◆ Exercise ◆
Each line of data below is to be returned exactly, leaving out any picture.

◆ The data ◆
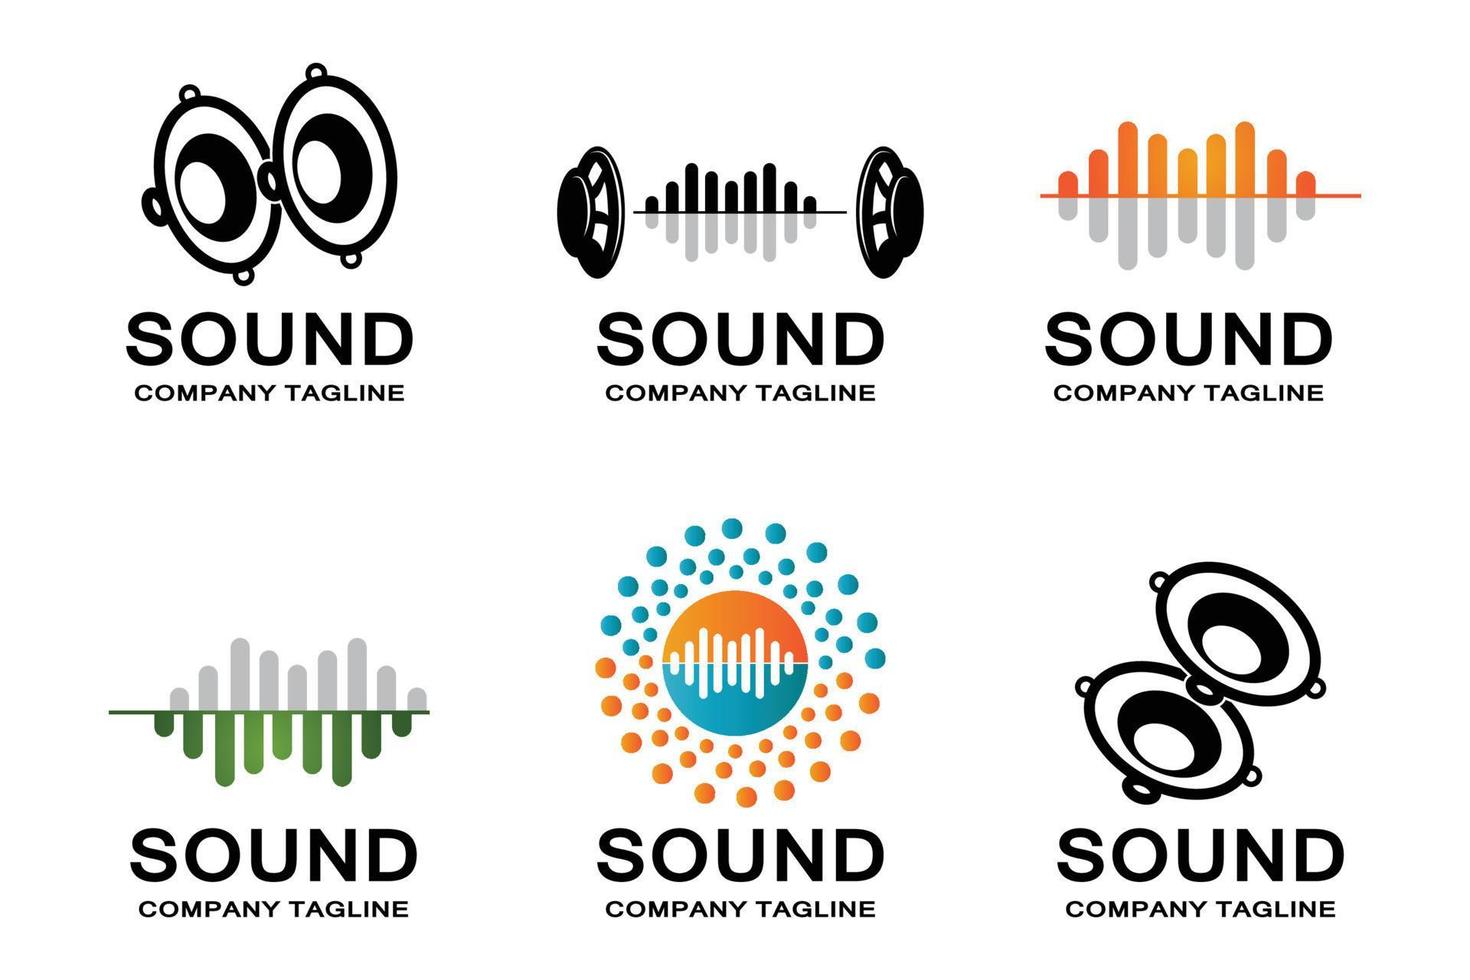 Simple music sound logo vector icon
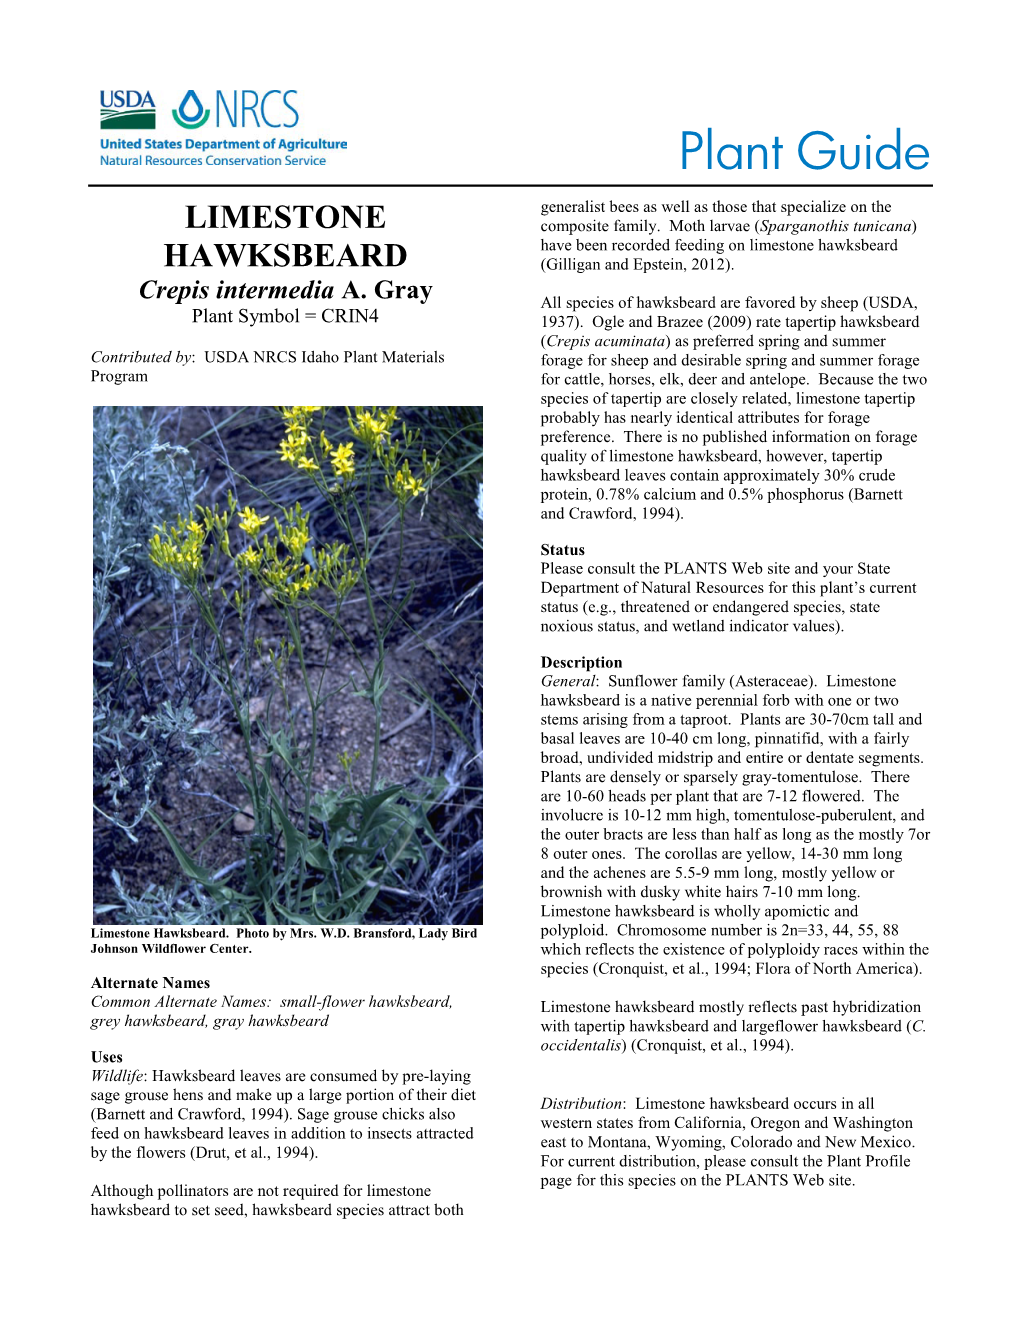 Plant Guide for Limestone Hawksbeard (Crepis Intermedia)
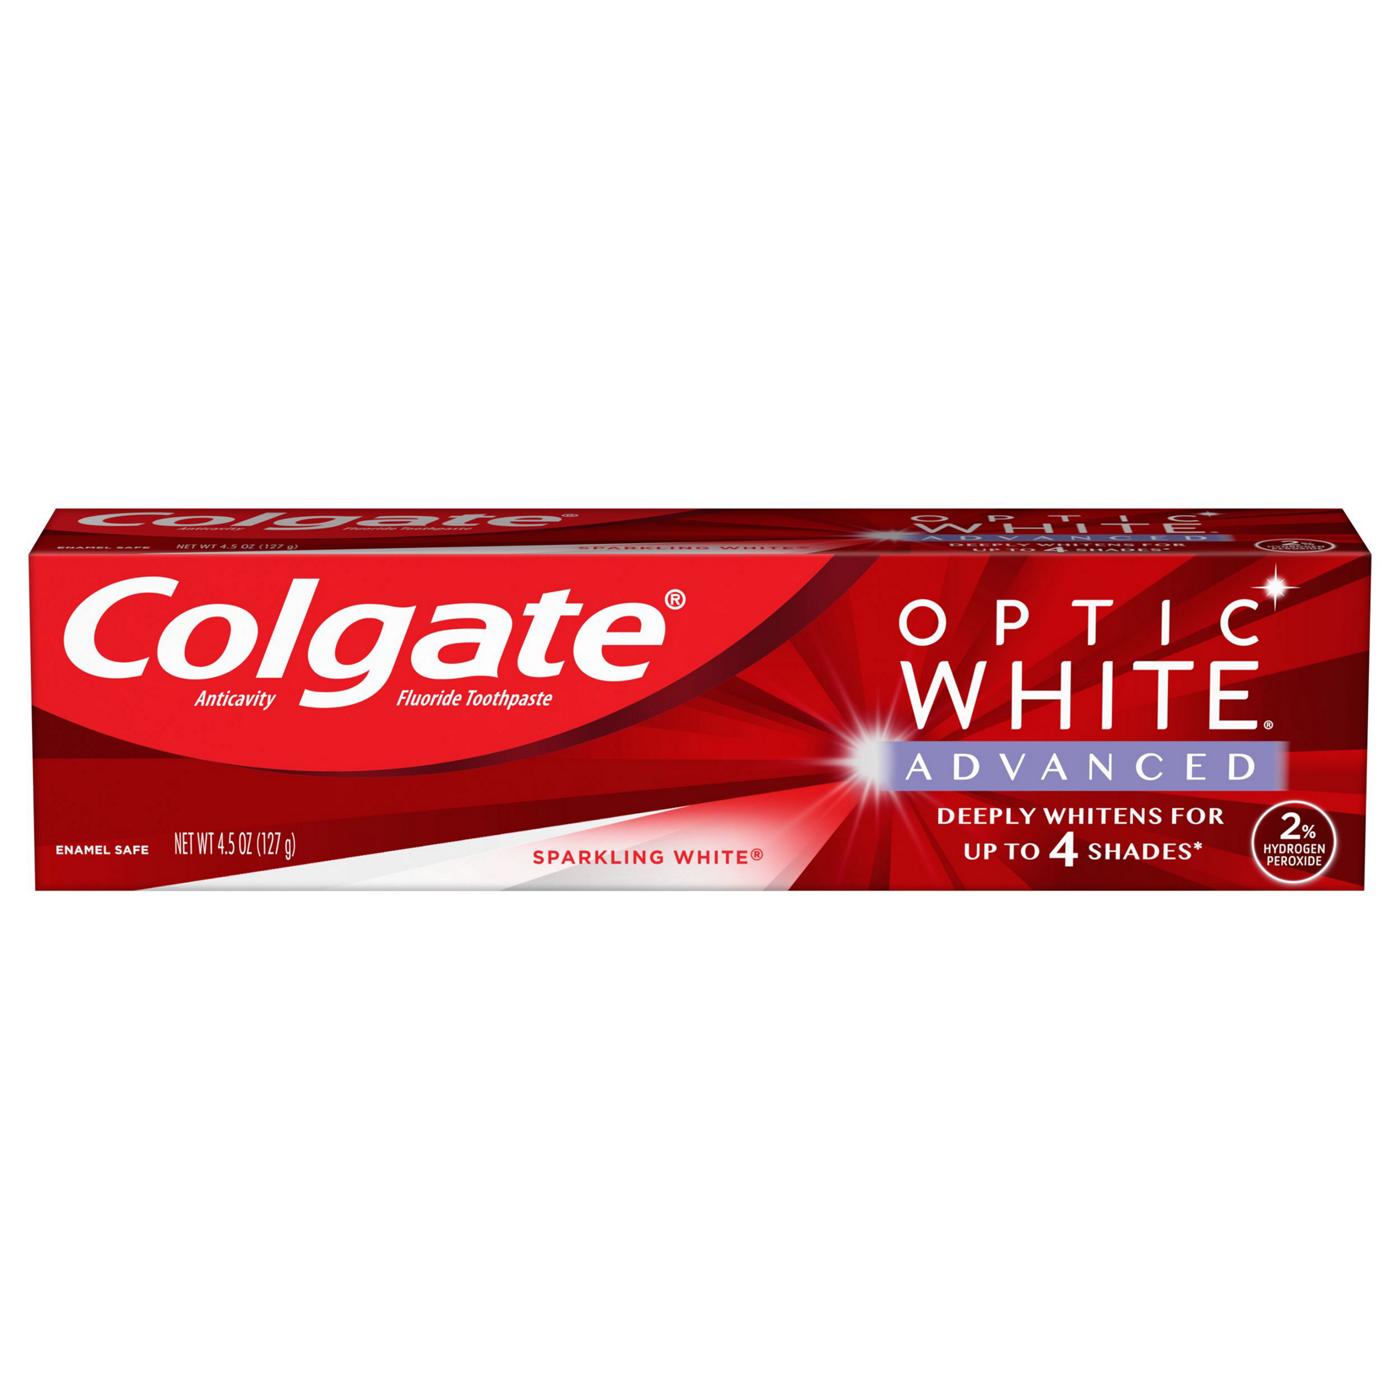 Colgate Optic White Advanced Anticavity Toothpaste - Sparkling White; image 1 of 11

◆ Answer section ◆
 Simple music sound logo vector icon
 Plant Guide for Limestone Hawksbeard (Crepis Intermedia)
 Colgate Optic White Advanced Anticavity Toothpaste - Sparkling White; image 1 of 11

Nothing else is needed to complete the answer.